Poetry review – THE ASKING: Alwyn Marriage reflects on this generous selection from Jane Hirshfield’s work
The Asking: New & Selected Poems
Jane Hirshfield
Bloodaxe Books
ISBN 978-1-78037-679-0
341 pages £14.99
With a tome of this size and range, anyone unfamiliar with Hirshfield’s work would be something of an expert by the time they arrived at the final page. With five decades of writing and publishing in the bag, not to mention ten well-received poetry collections, Hirshfield has every right to fill a Selected with treasures from the past – even including some poems written in her late teens. It is also pleasing that the collection opens with a section of New Poems (2023), comprising thirty recent pieces.

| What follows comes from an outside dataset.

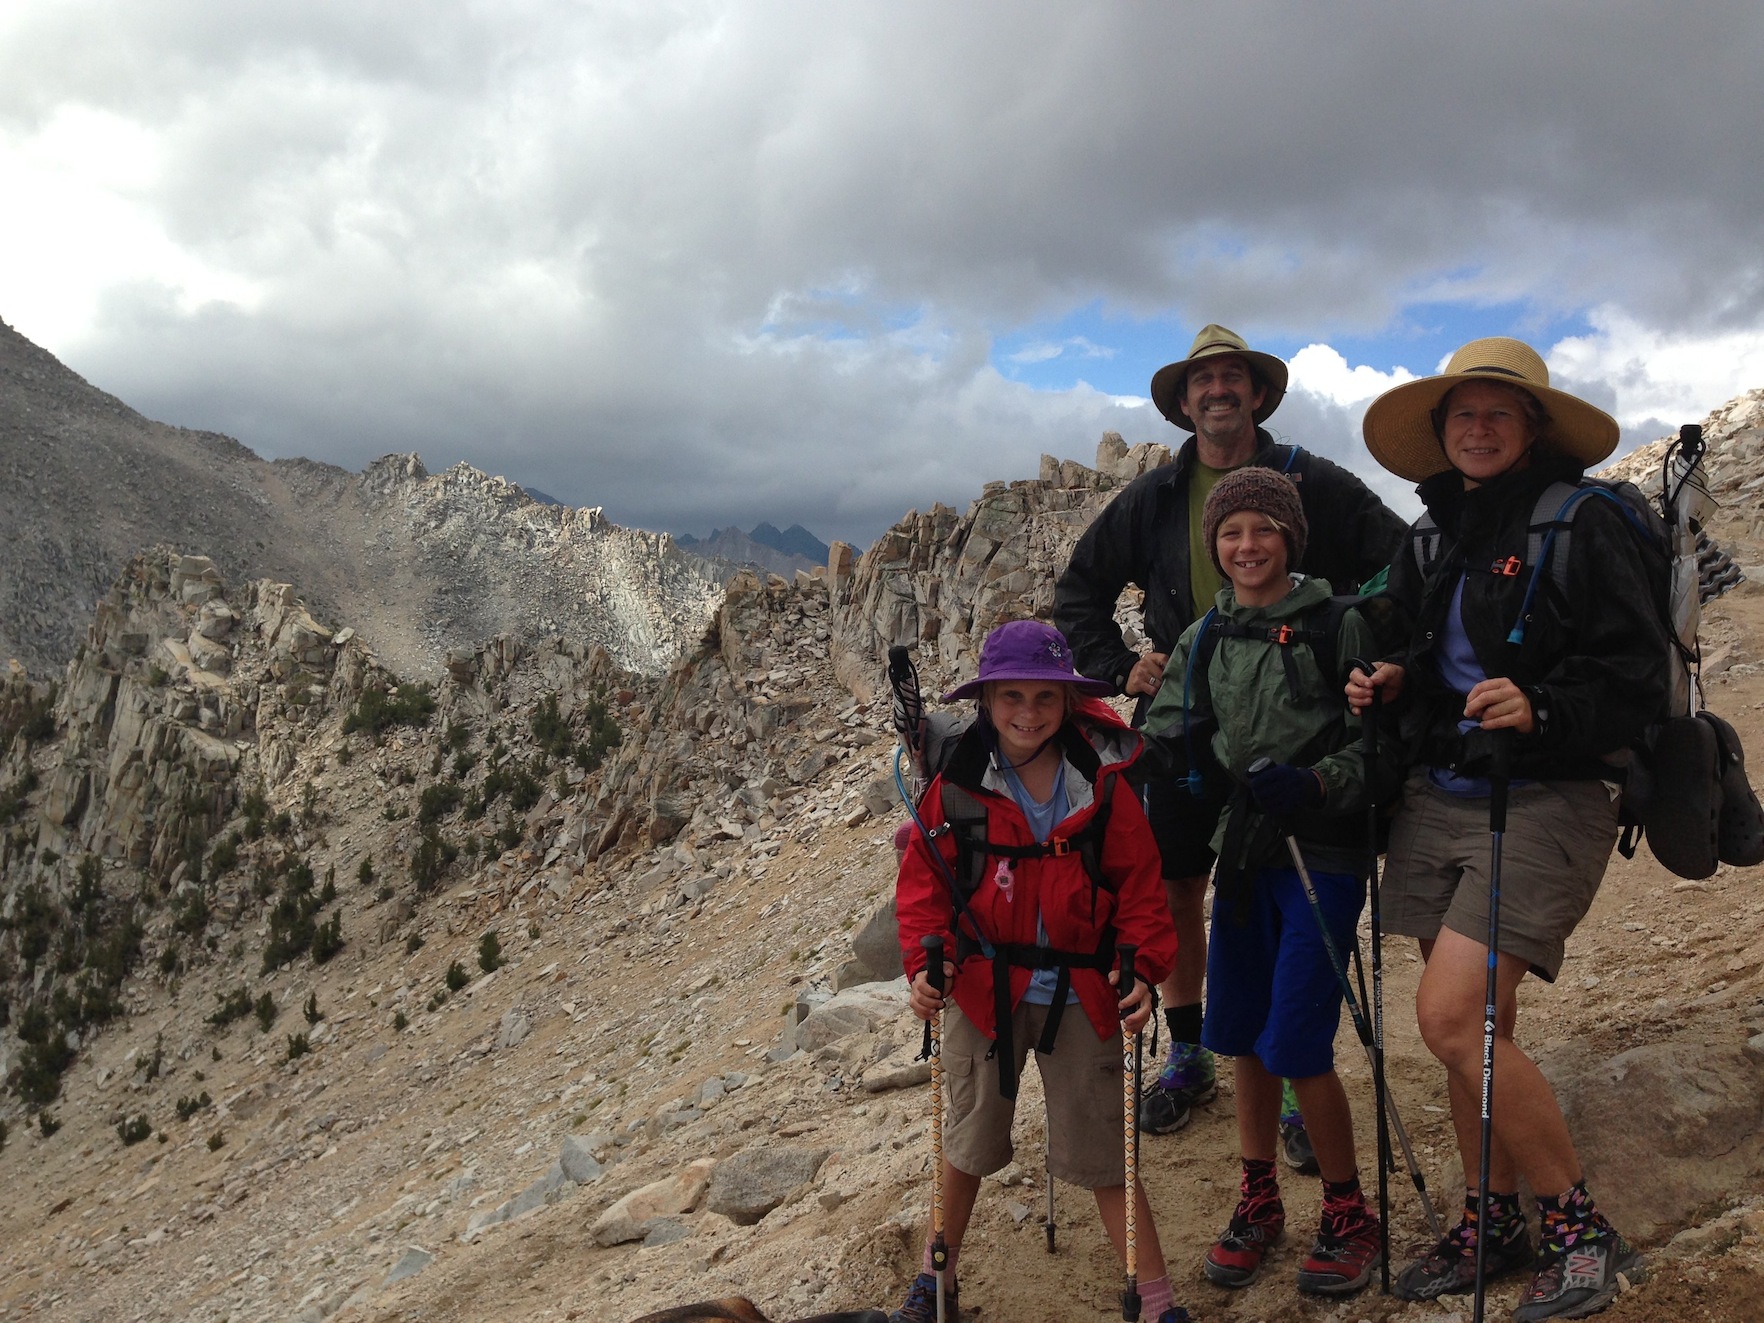 The Umstead family near the top of Kearsarge Pass on their way down to the Base Camp to resupply and recharge. This is their second JMT -- NOBO this time!

One of these recent poems, “Today, when I could do nothing”, introduces us to what has been a common theme in Hirshfield’s poetry since the beginning, namely a fascination with and respect for animal life in all its forms.
Today, when I could do nothing,
I saved an ant.
...
Small black ant, alone,
crossing a navy cushion,
moving steadily because that is what it could do.
...
It did not look as if it was frightened,
even while walking my hand,
which moved it through swiftness and air.
Ant, alone, without companions,
whose ant-heart I could not fathom –
how is your life, I wanted to ask.
I lifted it, took it outside.
There are no frills and no fuss in Hirshfield’s response to fauna; just minute observation and a vibrant celebration of Nature’s amazing variety. So, in some of her earlier collections, we meet, among many other creatures, racoons (“Invocation”), horses (“After work”), foxes (‘with cream-dipped tail and red-fire legs doused watery brown’ (“Inspiration”) and moths (“To drink”).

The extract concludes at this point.